Итак, вопреки внешним признакам, Гамлет не следует поговорке «береженого Бог бережет», которая в истинном своем значении так прекрасно членила старый универсум, обозначая его полюсы: случай и трансцендентность. Он прибегает к традиционной формуле лишь затем, чтобы переосмыслить ее в совершенно ином духе, в духе подлинного, тотального фатализма. Readiness, которую он проповедует, состоит не в том, чтобы полагаться на Божью волю, остающуюся гарантом наших усилий, хранительницей осмысленности нашего бытия; напротив, эта readiness требует, чтобы мы порвали со всем, чего ждал от нас Бог прошлого, — с отважным, неукоснительным применением в его мире нашей способности суждения, с различением добра и зла. Рефлексию, которая предвидит и организует события, — и преуспевает в этом, поскольку опирается на знание истинных ценностей, — Гамлет заменяет приятием всего происходящего, каким бы неупорядоченным и противоречивым оно ни было, и непротивлением случаю; согласно этой пессимистической философии, наши поступки столь же лишены разумных оснований, сколь и проявляющаяся в них необходимость. Участь человека — пребывать вне смысла, вне бытия и, в равной мере, сознавать это в те минуты, когда нам кажется, что мы поступаем рационально, хотя на деле почти всякий раз подчиняемся безотчетному порыву. Говоря проще, из всех наших дел сохраняет в себе нечто разумное и заслуживает осуществления только одно: стойкое сопротивление любым иллюзиям и готовность с иронией и безразличием принимать всё, всё без исключения, и прежде всего — и главным образом — смерть, то есть сущность всякой жизни.

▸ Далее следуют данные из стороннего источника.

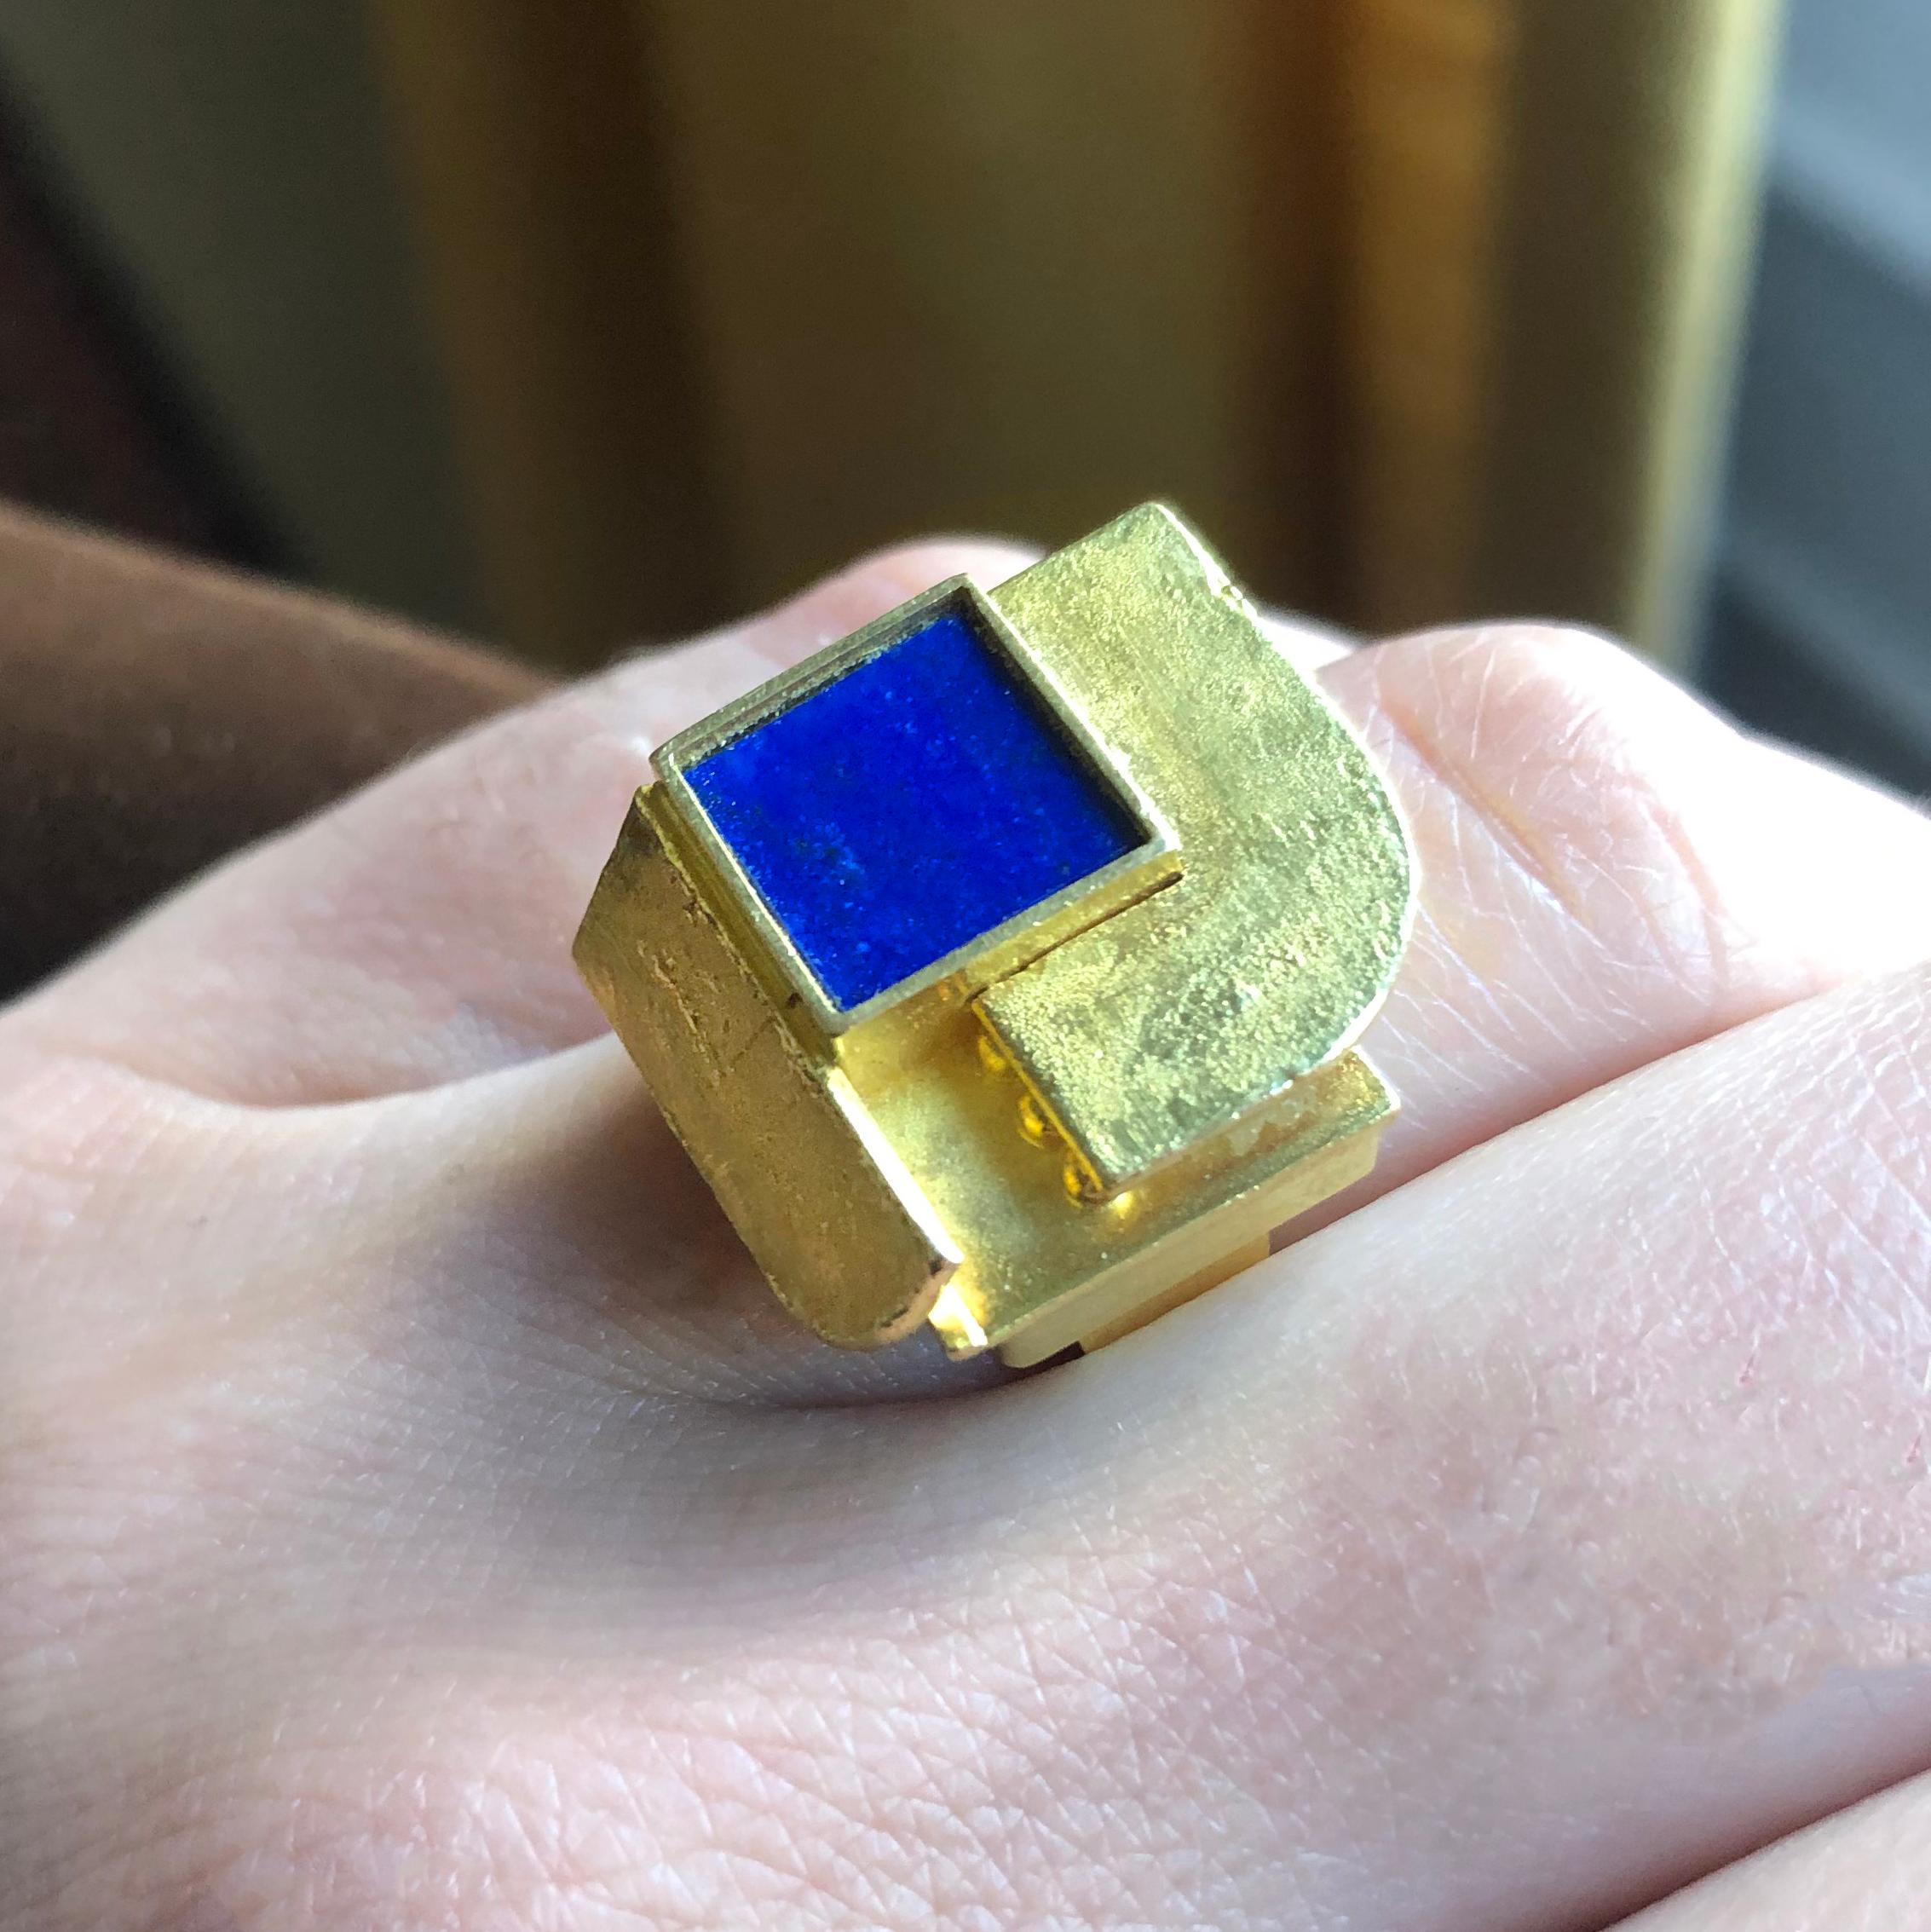 Square Cut Othmar Zschaler Lapis Lazuli and Gold Modernist Ring For Sale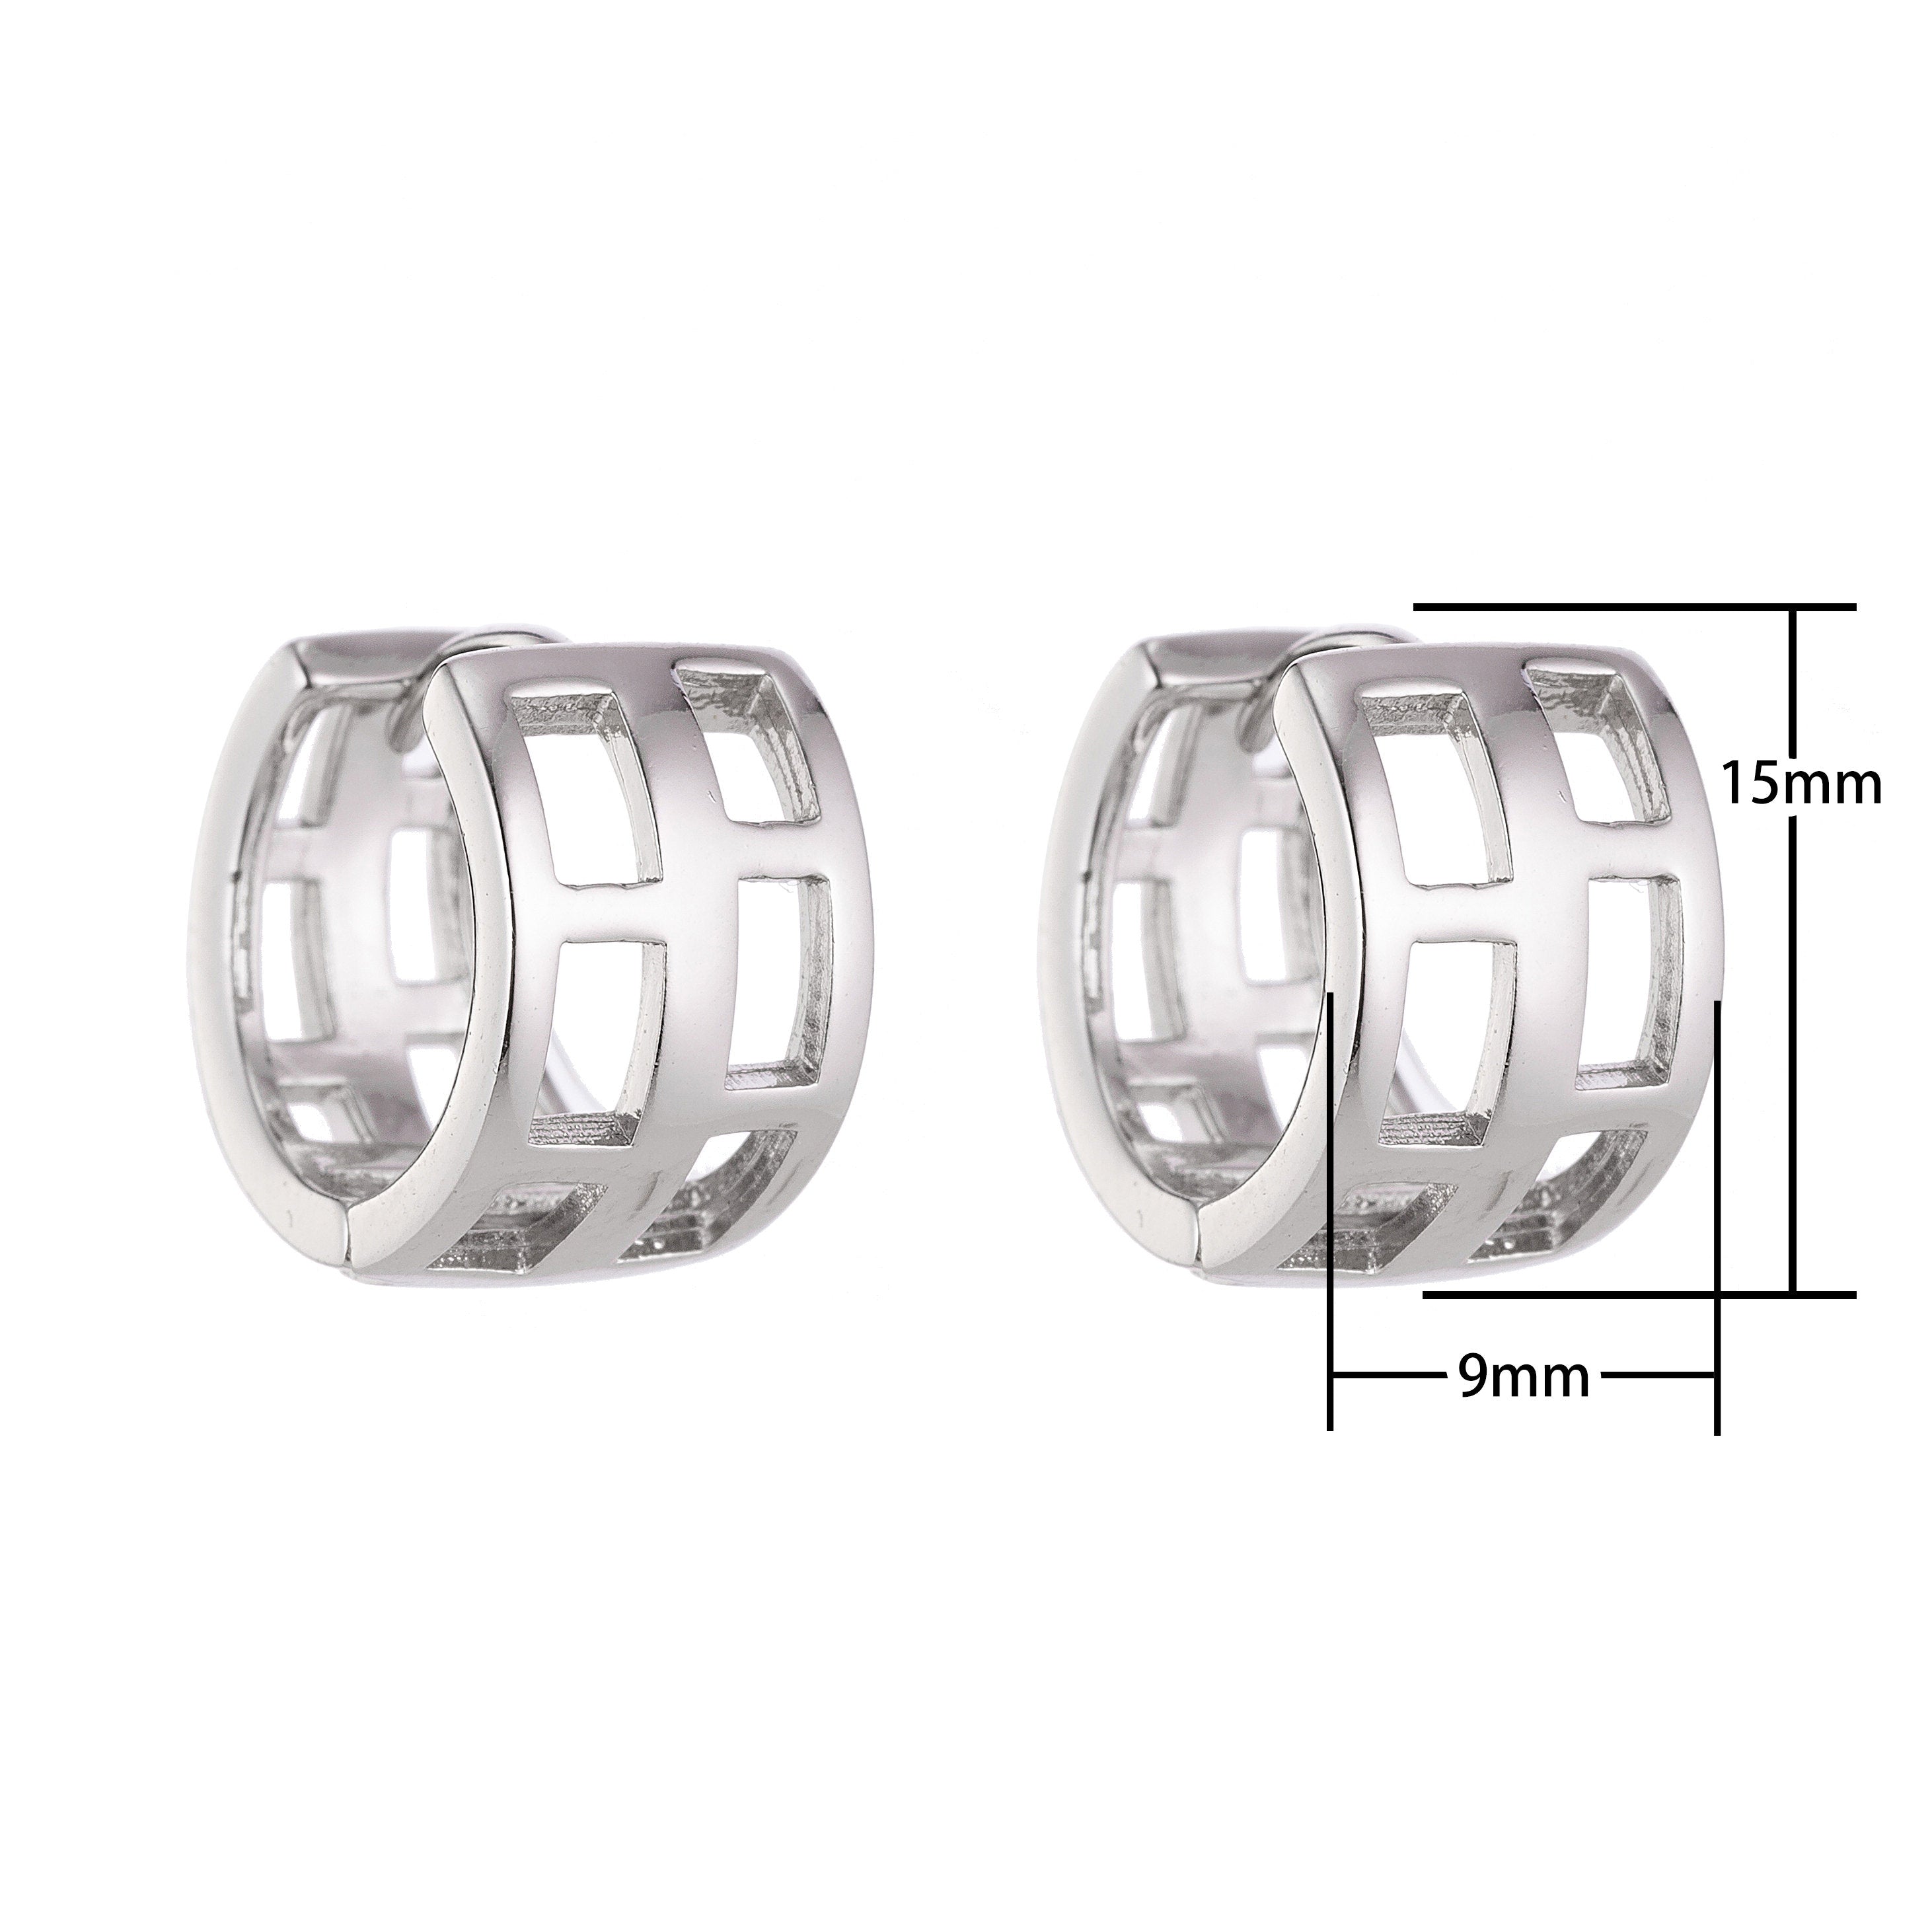 Silver Plated Cage Small Huggies Earrings, Small Hoop Earrings, Silver Jewelry, Lightweight Earrings, Tiny Earrings, Earring-401 - DLUXCA

Вместе с тем Гамлет, казалось бы, отдающий себя на волю случая, на протяжении этой сцены выглядит более бодрым, чем прежде, более наблюдательным по части поведения окружающих, пусть и ради их осмеяния; мало того, вопреки сложившемуся у нас впечатлению выясняется, что он хорошо натренирован в виде спорта, который требует зоркости, быстроты движений, — и подлинного сближения с другим человеком, внушающим, несмотря на ситуацию противоборства, определенную симпатию. Разумеется, новые черты, неожиданно проступившие в том, кто недавно скрывался во мраке, нужны прежде всего для подготовки скорой развязки: поединка двух сыновей, каждый из которых, по замечанию самого Гамлета, — отражение другого; однако черты эти, столь поразительные и несомненные, косвенным образом характеризуют также этическое правило, формулируемое принцем, и было бы заблуждением думать, будто readiness, которая есть род отрешенности, — это отрешенность пассивная, малодушная. А поскольку вывод, сделанный Гамлетом, освобождает его от вчерашних умозрительных построений, от жалоб и бесконечных мечтаний, этот новый для него способ существования находит выражение и в его телесных силах, в физической ловкости, в интересе, пусть и жестоком, к мирской жизни, которой он чурался, в синтезирующей работе сознания, в той непосредственности восприятия, что сама по себе есть ответ, встречная реакция; и это «состояние готовности» оказывается столь активным, в нем, несмотря на погруженность в пустоту, столь ясно чувствуется потребность связать все и вся воедино, что возникает искушение сравнить его с другими формами отношения к миру, которые, несмотря на такую же пессимистичность, сохраняют истинно духовную природу и остаются одним из методов восхождения к абсолюту. Может быть, «готовность» Гамлета — это елизаветинский эквивалент буддистской дисциплины, вроде приготовлений самурая — еще одного мастера фехтования на исходе еще одного Средневековья — к мгновенному, без тени сопротивления, приятию смерти? Путь к обретению позитивности, полноты бытия в самой глубине опустошенного мира?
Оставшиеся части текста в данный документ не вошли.